Harnessing of Wind Energy is Hot Topic at Regional Conference
The Mid-Atlantic Coastal Ocean Observing Regional Association (MACOORA), which held its annual meeting at the Renaissance Hotel in Portsmouth this week, has a rich history of deliberations on topics ranging from water quality to storm surges. But an issue that is relatively new on its radar--offshore wind farms--got a lot of attention at this year's meeting.
Before the winds off the shores of Virginia and nearby states can be harnessed for generating electricity, much research and other preparatory work must be done to promote the safe and efficient operations of giant wind turbines, as well as the transmission of electricity by power lines along the ocean's floor back to shore. The several hundred participants seemed to agree on the conference's opening day, Tuesday, Nov. 17, that MACOORA can and should be a major player in wind-energy studies.
Larry Atkinson, the Old Dominion University eminent professor and Samuel A. and Fay M. Slover Professor of Oceanography, led a breakout session on offshore wind power Tuesday afternoon that attracted a standing-room-only audience. Participants included representatives of universities, government agencies, private industry and the public.
George Hagerman, senior research associate with the Center for Energy and Global Environment at Virginia Tech's Advanced Research Institute and the director of the wind-energy initiative of the Virginia Coastal Energy Research Consortium (VCERC), was a principal presenter at the breakout session.
Atkinson is involved in VCERC research pertaining to offshore wind potential, as is Jose Blanco, a research scientist at ODU's Center for Coastal Physical Oceanography (CCPO), who was another participant in the breakout session.
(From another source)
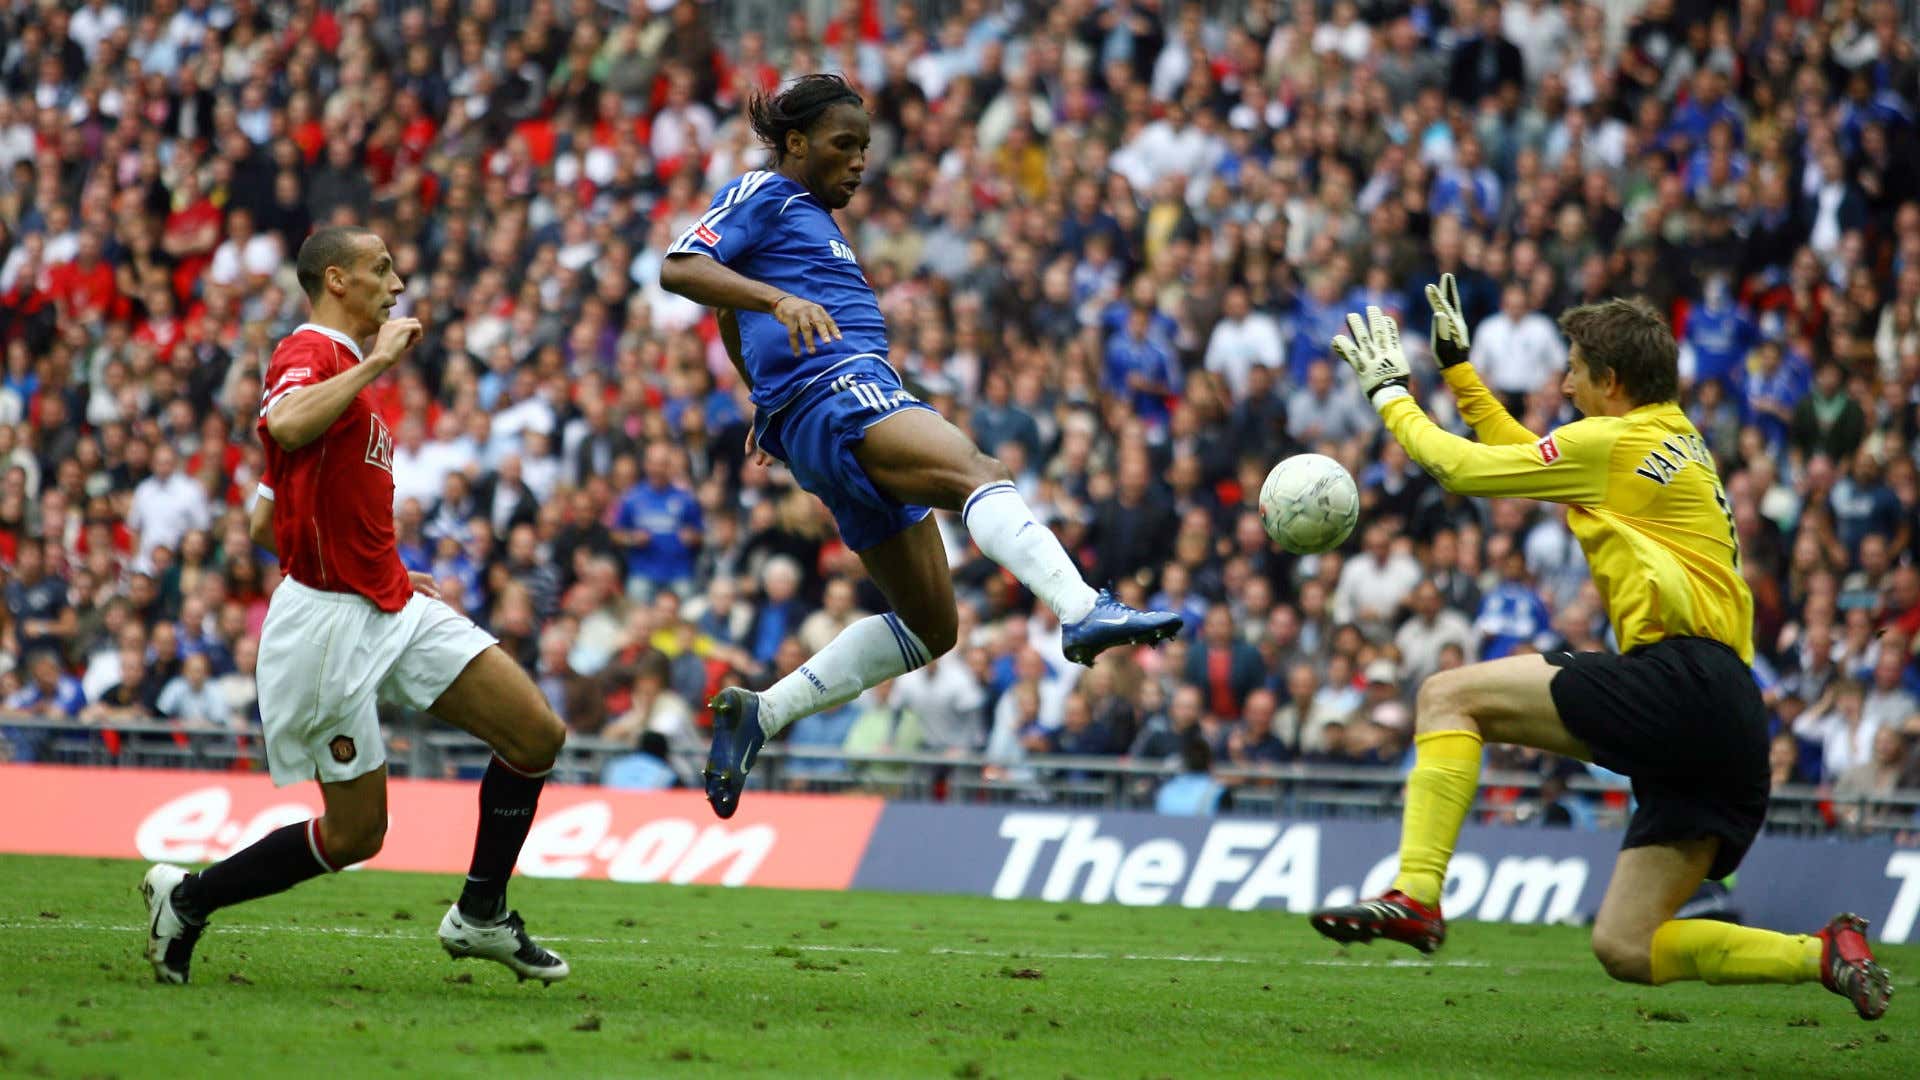 Manchester United Chelsea FA Cup 2007 Didier Drogba

Elizabeth Smith, a CCPO research scientist, was one of the MACOORA conference organizers.
VCERC, which is exploring several alternative energy strategies, including the production of biodiesel fuel from algae, is headquartered at ODU and the executive director is Patrick Hatcher, the ODU Batten Endowed Chair in Physical Sciences.
The U.S. Department of Interior's Mineral Management Service (MMS), represented at the MACOORA meeting by Walter Johnson, an oceanographer with the service's Environmental Sciences Branch, is in charge of leasing offshore sites related to wind-farm development. Johnson said the regulatory structure affecting the leasing and leaseholders has not been finalized, but that interested parties can submit commercial wind-farm lease applications, or proceed under an interim policy that allows leaseholders to gain access to plots and begin to conduct research.
Two commercial lease applications have been filed for Virginia waters. In New Jersey and Delaware, sites are being leased under the interim policy, and meteorological research towers costing upwards of $10 million are to be constructed on them.
Participants in the breakout session discussed partnerships and other ways that more meteorological towers can be built as soon as possible in the mid-Atlantic coastal waters. Data collected by these towers could fill gaps in research about wind potential through the seasons, other climatology factors, currents, storms and so forth.
Hagerman noted that meteorological and avian data acquisition research towers could be constructed in mid-Atlantic coastal waters by the state governments of Virginia, North Carolina and Maryland under a special MMS provision. He suggested that if these towers are built, the data collection and analysis could be managed by MACOORA.
Overall, Hagerman said, MACOORA can "facilitate good decision making and coordination" as wind farms are being considered by the mid-Atlantic states.
A major VCERC research document on wind-energy resources off the coast of Virginia is nearing completion, Hagerman said. The report will include data on physical oceanography issues and potential power production, as well as recommendations for research. In addition, the report will offer analysis and commentary about the onshore industries that would support the wind farms, the potential economic impact on coastal Virginia of wind farm development, and alternatives for transmission of wind-generated electricity along the East Coast.
The wind-energy push is heating up on other fronts as well. Gov. Timothy Kaine announced Nov. 11 that Virginia has joined a partnership with Maryland and Delaware to promote the development of offshore wind farms in the mid-Atlantic region. Earlier this year, Kaine initiated the formation of a federal-state-local task force to guide and facilitate the process of leasing federal waters off the Virginia coast for wind turbine development. That task force is schedule to meet in Virginia Beach next month.